Die Folgen der Störungen sind dabei fundamental andere als zu Zeiten der Covid-19-Pandemie. Damals war die Nachfrage nach Waren deutlich angestiegen, während jetzt ein Versorgungsengpass wiederum zu Versorgungsengpässen führen kann. In beiden Fällen sind Maßnahmen unerlässlich, um die Widerstandsfähigkeit der Lieferkette zu erhöhen. Die gegenwärtige Situation betrifft vor allem Güter auf dem Weg von Asien nach Europa. Aber aufgrund von Verzögerungen, die zu einem Ungleichgewicht bei der Verfügbarkeit von Containern führen, werden die Auswirkungen auch auf den Routen von Asien zur Westküste Nordamerikas spürbar. Wie in den meisten Fällen dürfte sich die Situation normalisieren. Wir gehen davon aus, dass es etwa zwei Monate dauern wird, bis die globalen Versorgungsketten die zwei Wochen – also die durch die Umleitungen im Schiffsverkehr verursachte Verzögerung – in den Lagerbeständen absorbiert haben.

Gezielte Maßnahmen ergreifen

Auf diese Normalisierung einfach nur zu warten ist keine attraktive Option. Stattdessen können Manager gezielte Maßnahmen ergreifen, um die Widerstandsfähigkeit zu erhöhen und sich auf zusätzliche Störungen vorzubereiten, falls diese auftreten sollten.
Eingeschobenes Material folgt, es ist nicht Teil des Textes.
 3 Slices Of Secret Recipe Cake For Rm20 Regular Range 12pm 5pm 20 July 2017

Und solche Ereignisse wird es höchstwahrscheinlich geben – frühere Untersuchungen sagen Unterbrechungen von einem oder mehr Monaten in Abständen von durchschnittlich 3,7 Jahren voraus.
Führungskräfte in der Lieferkette können sich zum einen auf diese Unterbrechungen vorbereiten. Sie sollten sich einen Wissensvorsprung verschaffen. Der detaillierte Überblick über ihr Unternehmen, ihre Mitbewerber und andere Elemente der Wertschöpfungskette sowie den breiteren globalen Kontext gibt ihnen Vorteile im Wettbewerb.
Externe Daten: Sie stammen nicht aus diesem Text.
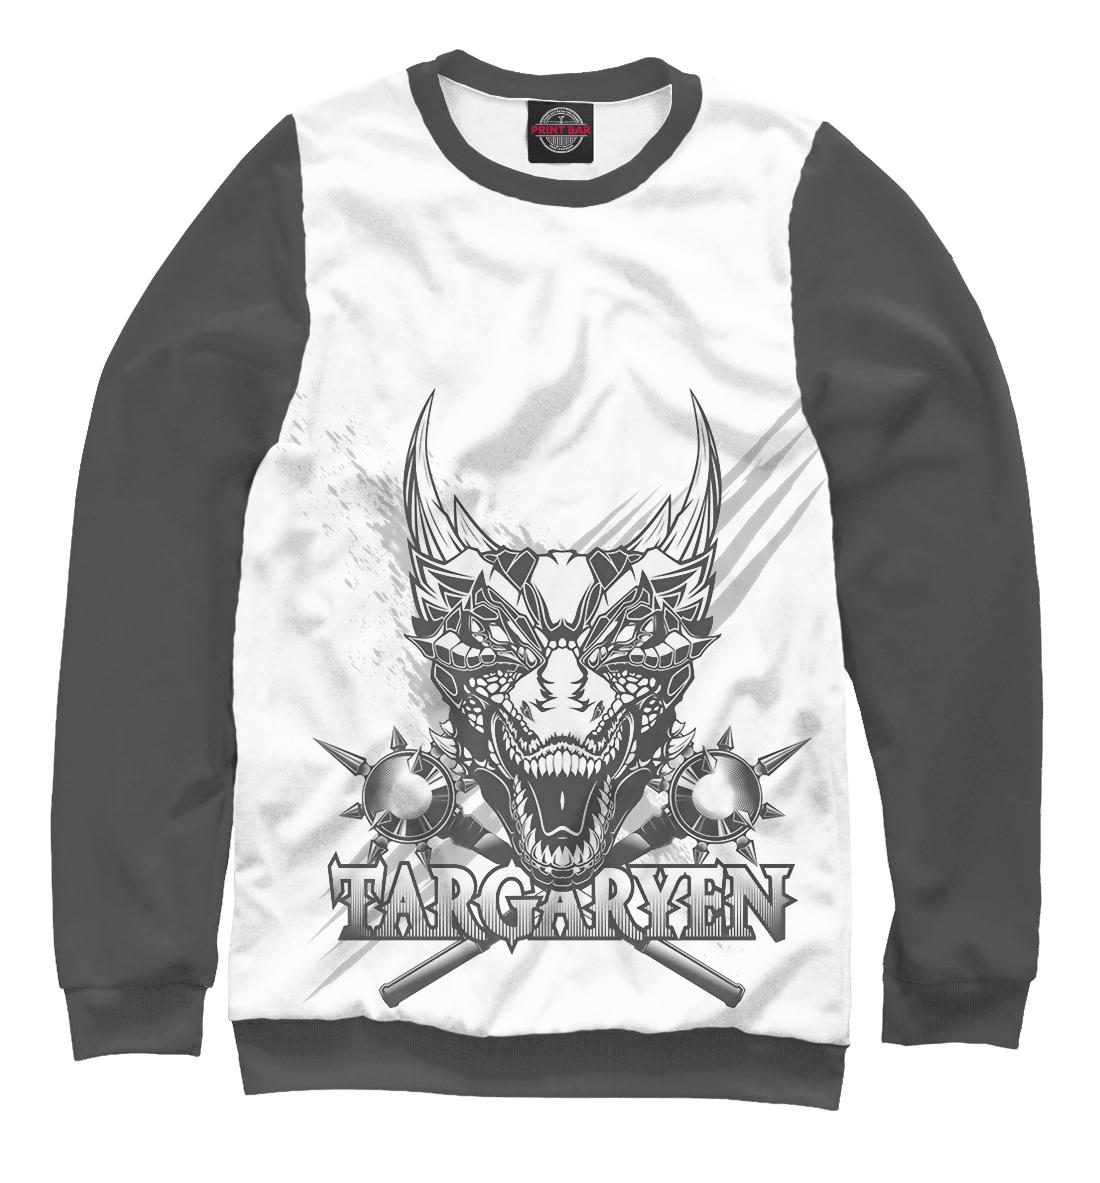 Купить Game of Thrones targaryen, Printbar, Свитшоты, IGR-916372-swi-1

Zum anderen ist es wichtig für Führungskräfte, ihre Verbindungen innerhalb des Lieferantennetzwerks im Detail zu verstehen. Untersuchungen des McKinsey Global Institute zeigen, dass nur zwei Prozent der Unternehmen einen Überblick über ihre Verbindungen unterhalb von Tier 2 haben.

Betrachtung der eigenen Lieferkette reicht nicht

Und für Führungskräfte wird es immer wichtiger, die Welt auf Erschütterungen hin zu beobachten, die auf Herausforderungen für ihren Betrieb hindeuten könnten. Es wird nicht mehr ausreichen, nur die eigene Wertschöpfungskette zu betrachten. Ausgehend von diesem tiefgreifenden Verständnis können Unternehmen eine ganze Reihe strategischer Maßnahmen ergreifen, um künftige Risiken zu mindern. Die Festlegung von Möglichkeiten zur Verlagerung von Lieferketten, Produktionsstandorten oder Absatzmärkten kann ebenso Alternativen bieten, wenn es zu Störungen kommt, wie die Erforschung neuer Technologien, von Partnerschaften und alternativen Materialien.

Ein abschließender Gedanke: Beim Lieferkettenmanagement und dem Streben nach Widerstandsfähigkeit ist Selbstgefälligkeit fehl am Platze. Zudem ist es nach wie vor wichtig, dass die Führungskräfte, die die Lieferkette verantworten, ein offenes Ohr in der Geschäftsführung haben – und auch Teil eben dieser sind.